Additional arguments (currently unused).
- method
Character, the denoising method to use:
"spectral_median"(default) or"spectral_gate".- output_dir
Character, directory for denoised WAV files. If
NULL(default), adenoised/subdirectory is created beside each source file (default method) or underx$base_path(SAP method).- overwrite
Logical, whether to overwrite existing denoised files (default:
FALSE).- wl
Integer, STFT window length in samples (default: 256).
- ovlp
Integer, STFT overlap in percent (default: 50).
- wn
Character, window function passed to
seewave::ftwindow(default:"hanning").- plot
Logical, for default method only. When
TRUE(default), plots the spectrogram of the denoised output audio using the same visualization style assegment.- view_window
Numeric vector of length 2 (seconds) for the plot window in the denoised spectrogram.
NULL(default) shows the full file. Example:c(1, 4)plots 1s to 4s.- freq_range
Numeric vector of length 2 giving the frequency range (in kHz) to denoise, e.g.

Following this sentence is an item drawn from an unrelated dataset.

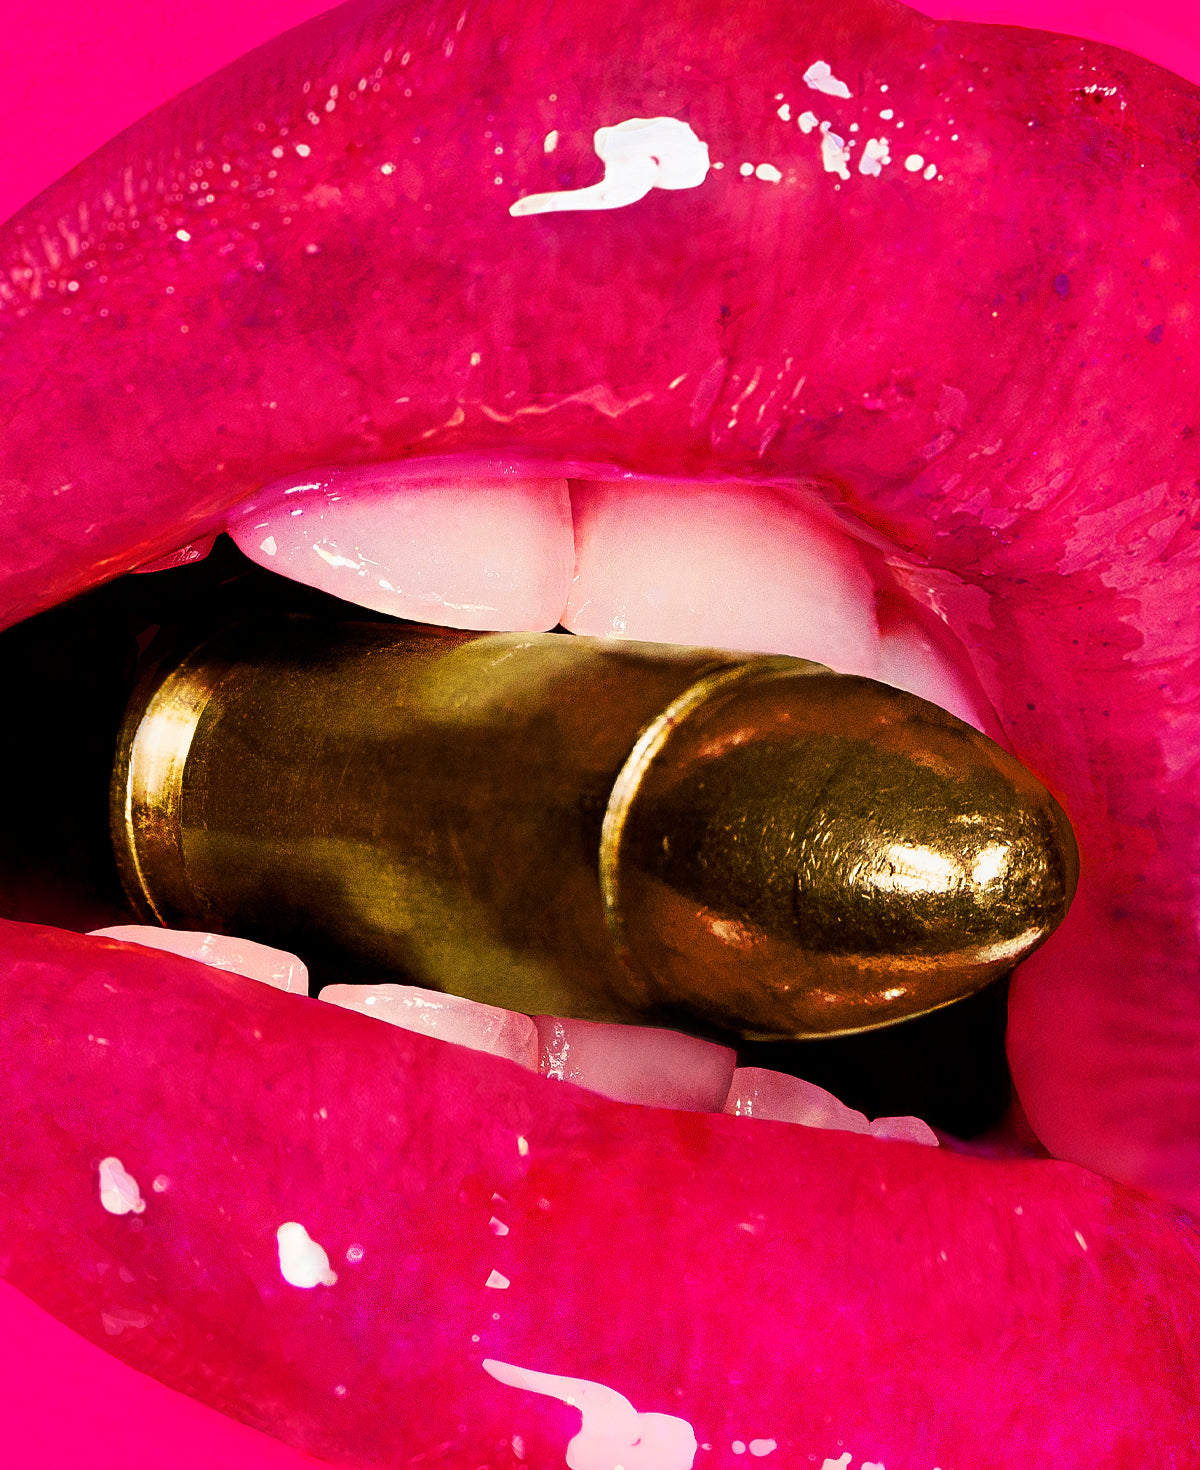 BULLETPROOF (PINK) / POP ART / Limited Editions from €200,- Worldwide shipping

c(0, 10)(default). Only frequency bins within this range are passed through the denoising algorithm; bins outside the range are left untouched. Set toNULLto denoise the entire spectrum. Restricting the range speeds up processing and avoids altering frequency bands that contain no noise.- noise_quantile
Numeric in (0, 1] or
NULL. The role differs by method (auto-selected whenNULL):spectral_median: quantile of the per-frequency magnitude distribution across all time frames used as the noise floor estimate. Auto-default:
0.5(median).spectral_gate: fraction of time frames (ranked by total frame energy, lowest first) selected as quiet/noise-only frames. The noise floor and spread are computed exclusively from those frames, so song syllables never contaminate the noise profile. Auto-default:
0.25(lowest-energy 25% of frames).
Lower values are more conservative; higher values capture more of the noise distribution.
- gain
Numeric \(\ge 0\), over-subtraction factor for spectral_median (default: 1.0). Values > 1 increase noise removal at the risk of artefacts.
- gate_threshold
Numeric \(\ge 0\), for spectral_gate: number of noise-spread standard deviations above the noise floor at which the sigmoid gate reaches 50% transmission (default: 1.5). Lower = less aggressive (more signal preserved); higher = more aggressive (more noise removed).
- gate_smoothing
Integer, for spectral_gate: half-width (in frequency bins) of the box-car smoothing applied to the gate mask (default: 3). Smoothing reduces sharp spectral edges that can distort song structure. Set to 0 to disable.
- gate_floor
Numeric in [0, 1), for spectral_gate: minimum gate value applied to every bin (default: 0.1). A non-zero floor ensures no frequency bin is completely silenced, preserving tonal continuity and preventing the "hollow" or "twisted" sound artefacts of hard gating.
- verbose
Logical, print progress messages (default:
TRUE).- day
For SAP objects: Numeric vector of days post-hatch to process.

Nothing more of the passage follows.